=== Data for this exercise ===
——————

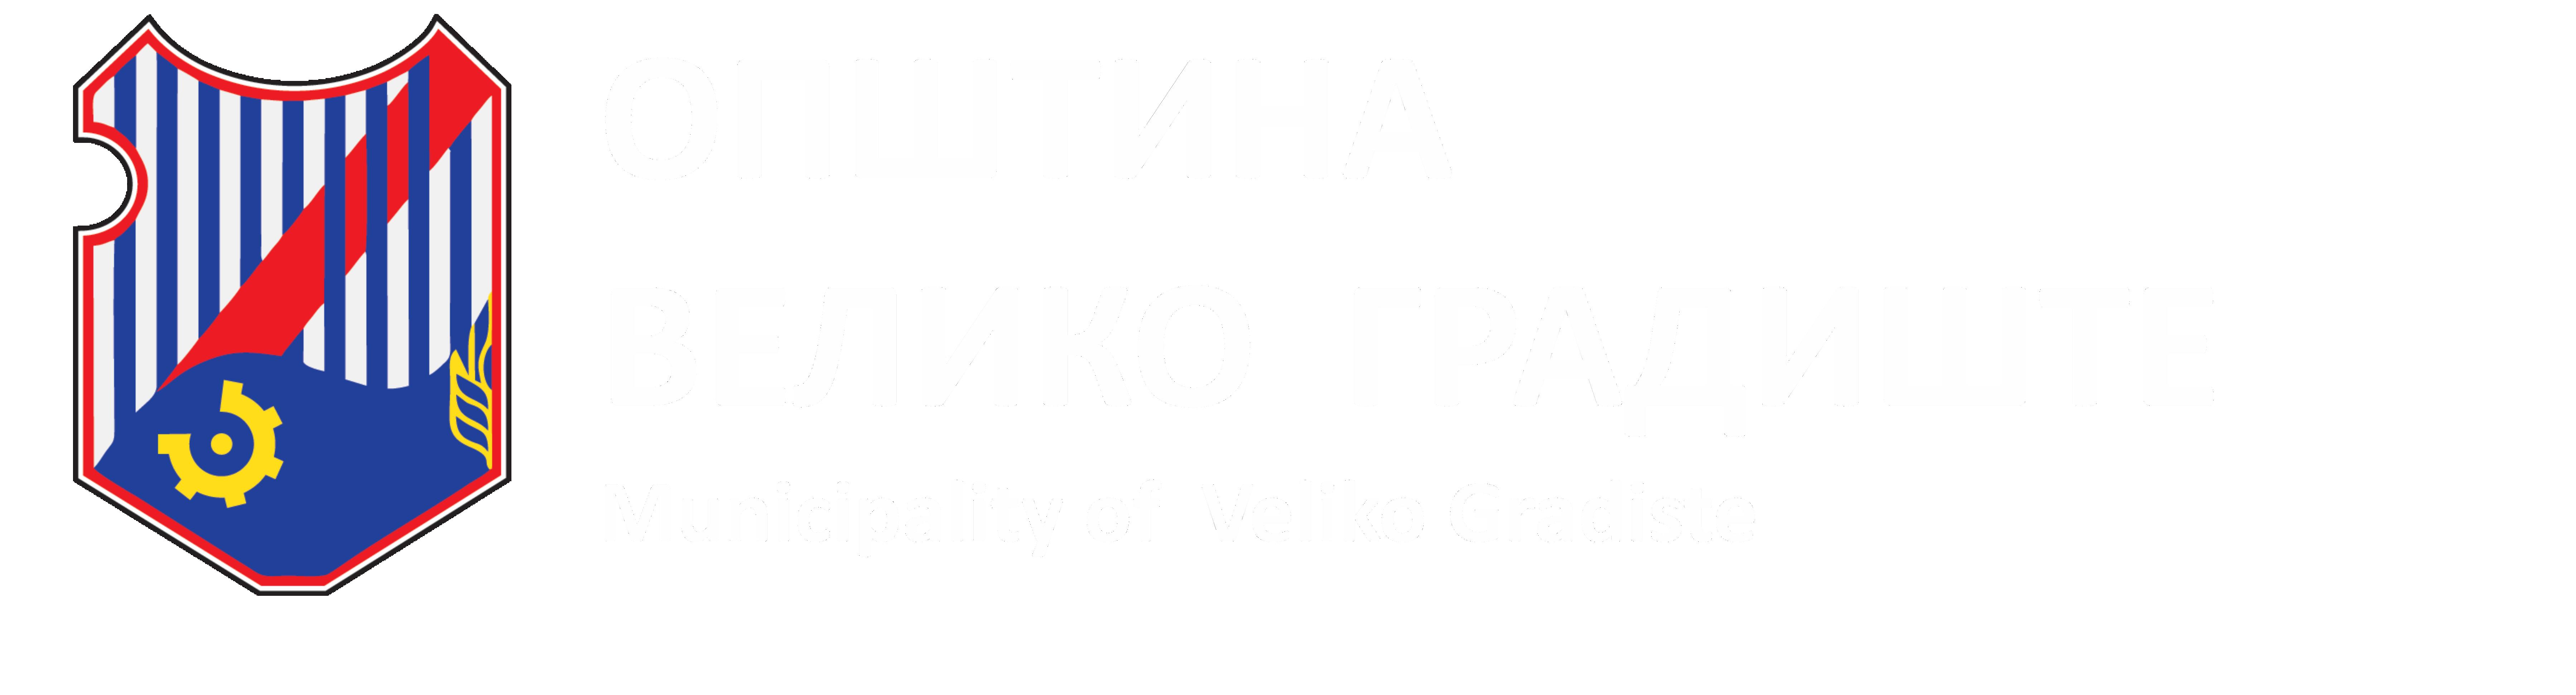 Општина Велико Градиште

——————

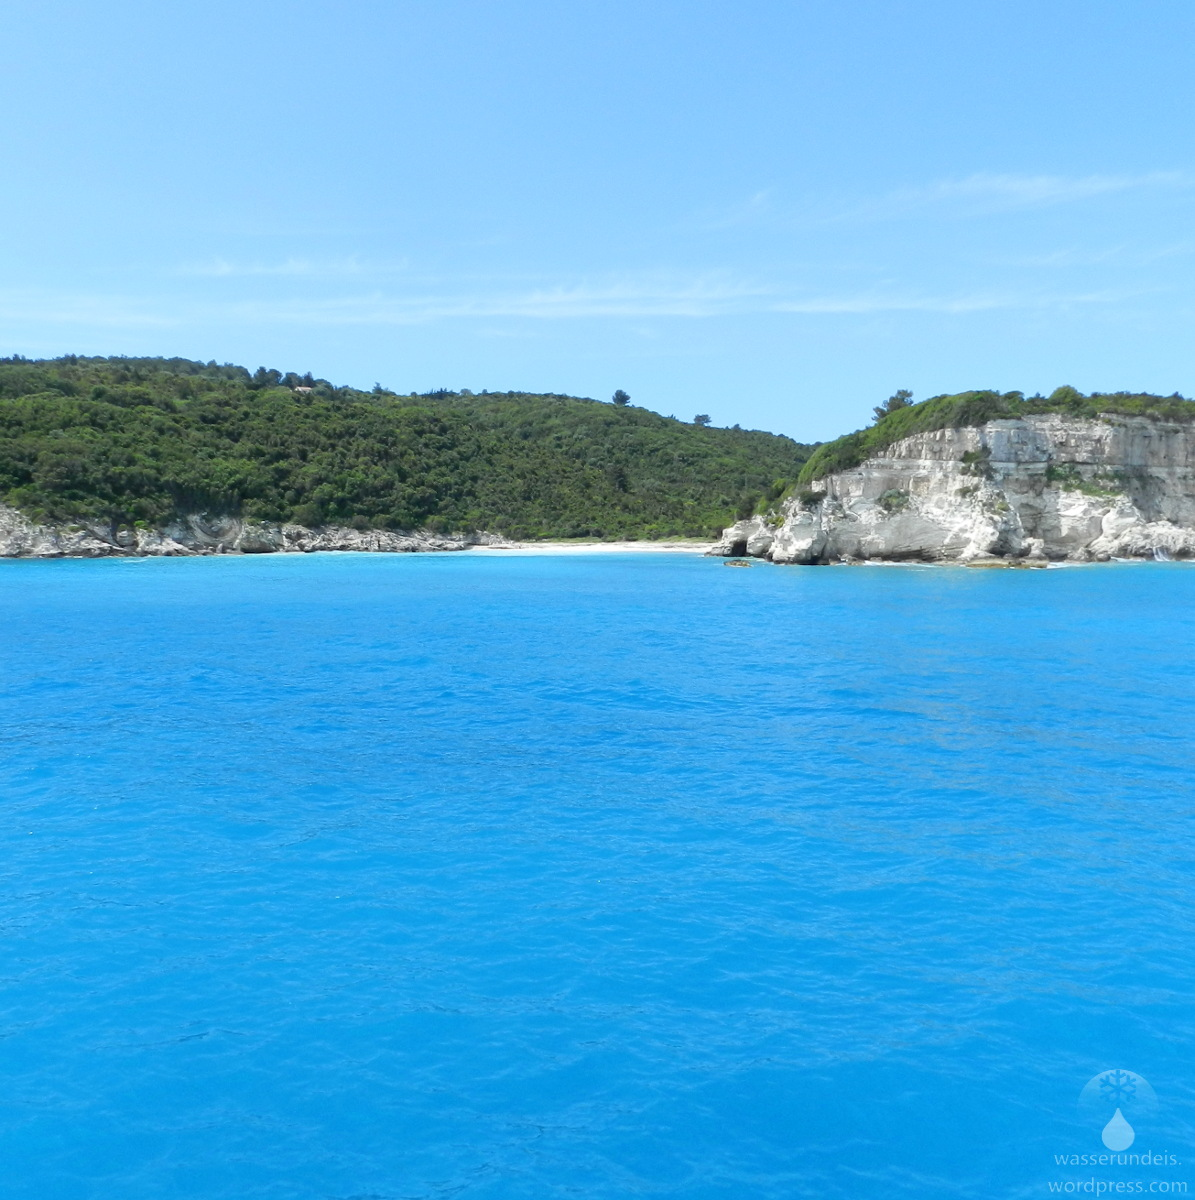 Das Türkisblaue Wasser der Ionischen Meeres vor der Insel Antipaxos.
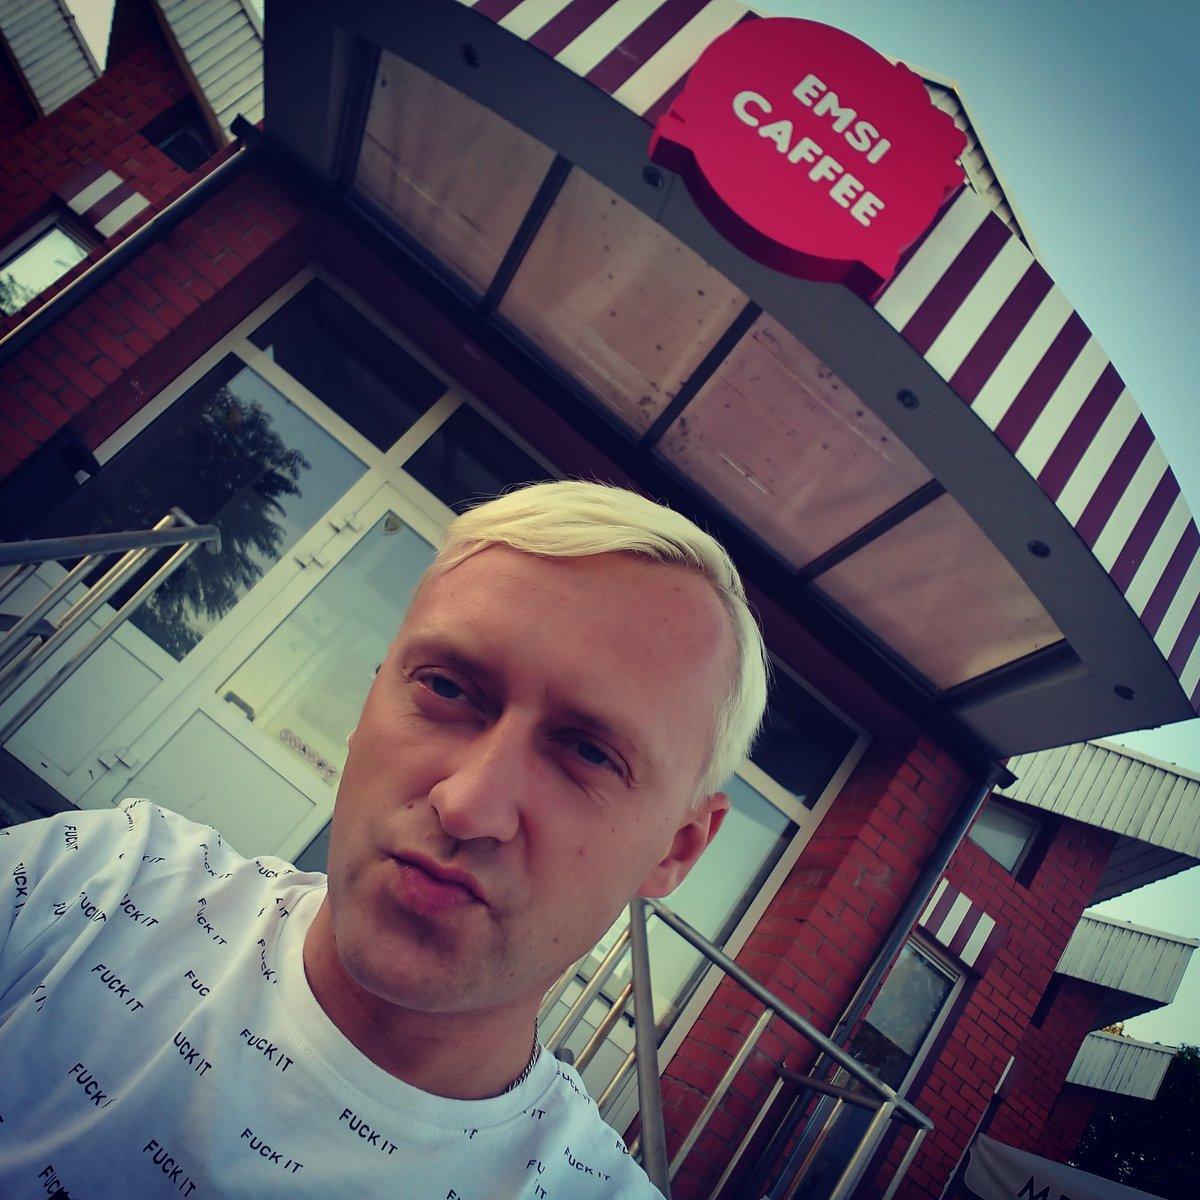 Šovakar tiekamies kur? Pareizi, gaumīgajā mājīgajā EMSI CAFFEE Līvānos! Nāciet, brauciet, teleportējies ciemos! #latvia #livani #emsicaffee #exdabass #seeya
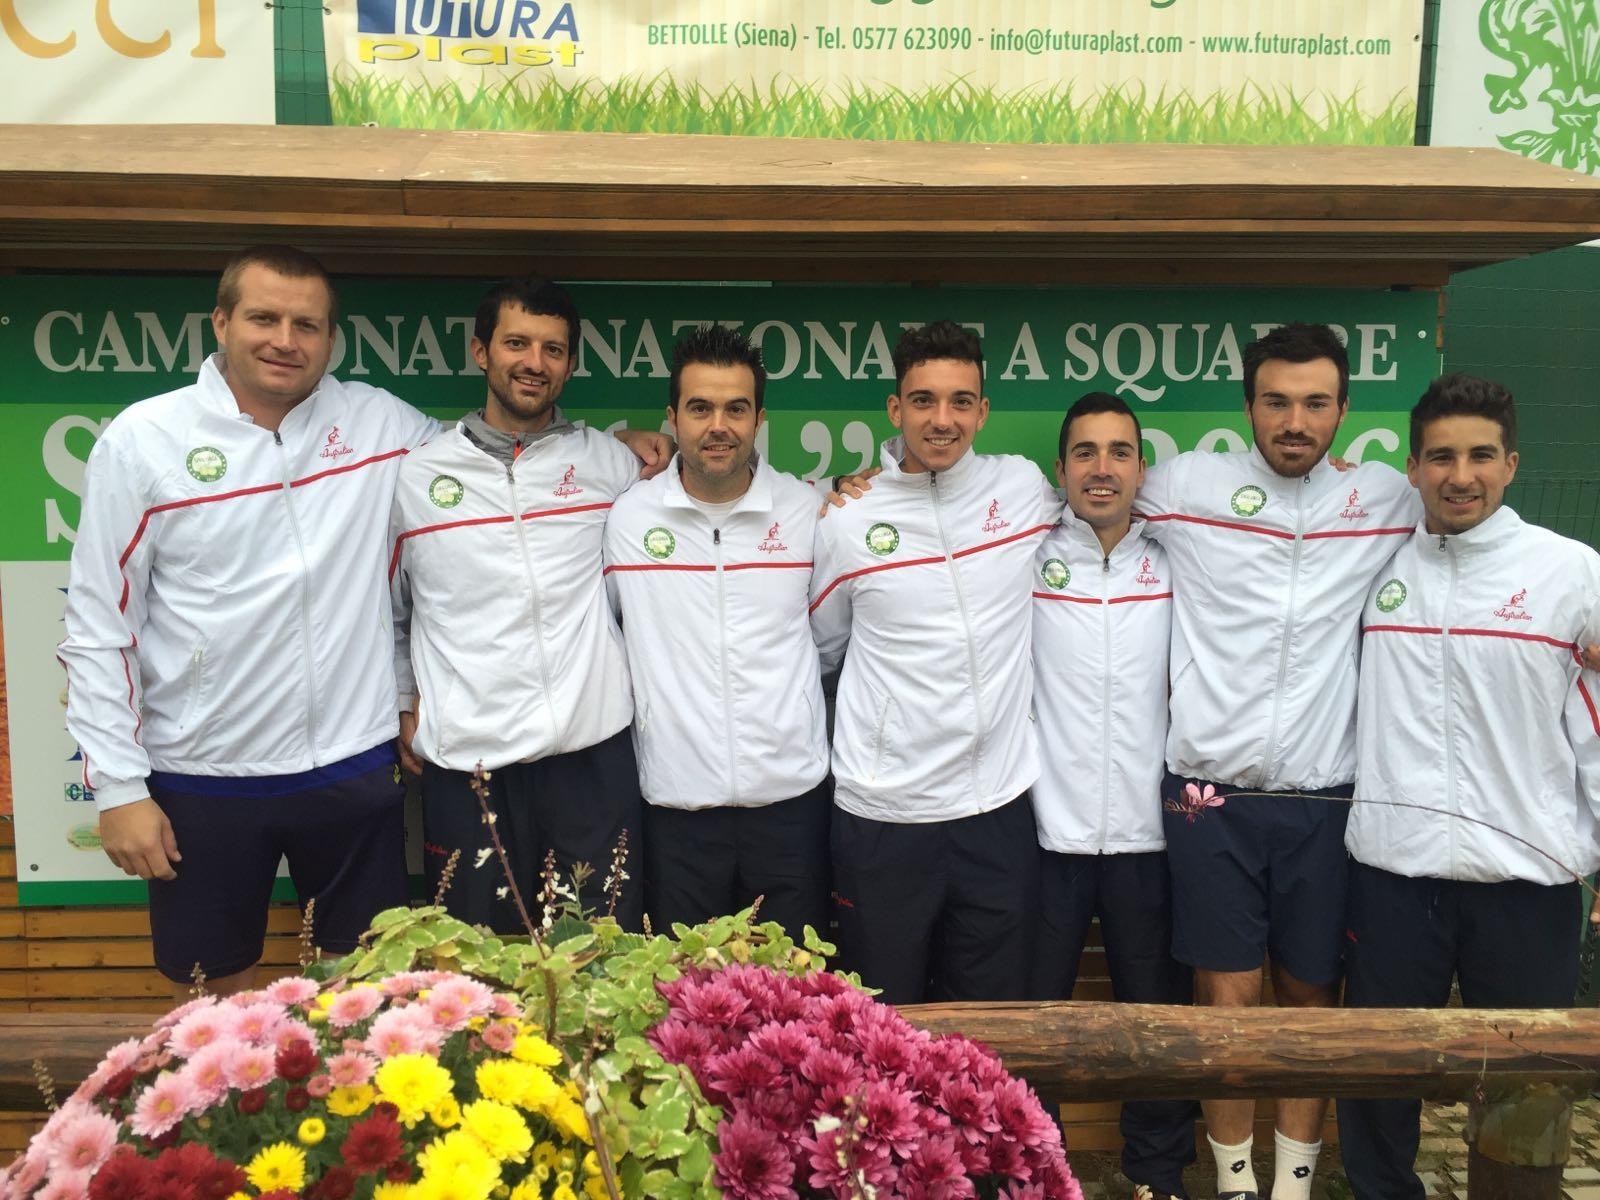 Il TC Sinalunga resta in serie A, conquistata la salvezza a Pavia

——————

=== Aim of the task ===
What is needed is an exact copy of only the lines above from the one with "Das Türkisblaue Wasser" to the one with "Il TC Sinalunga", both kept, with every picture left out.

=== Written response ===
 Das Türkisblaue Wasser der Ionischen Meeres vor der Insel Antipaxos.
 Šovakar tiekamies kur? Pareizi, gaumīgajā mājīgajā EMSI CAFFEE Līvānos! Nāciet, brauciet, teleportējies ciemos! #latvia #livani #emsicaffee #exdabass #seeya
 Il TC Sinalunga resta in serie A, conquistata la salvezza a Pavia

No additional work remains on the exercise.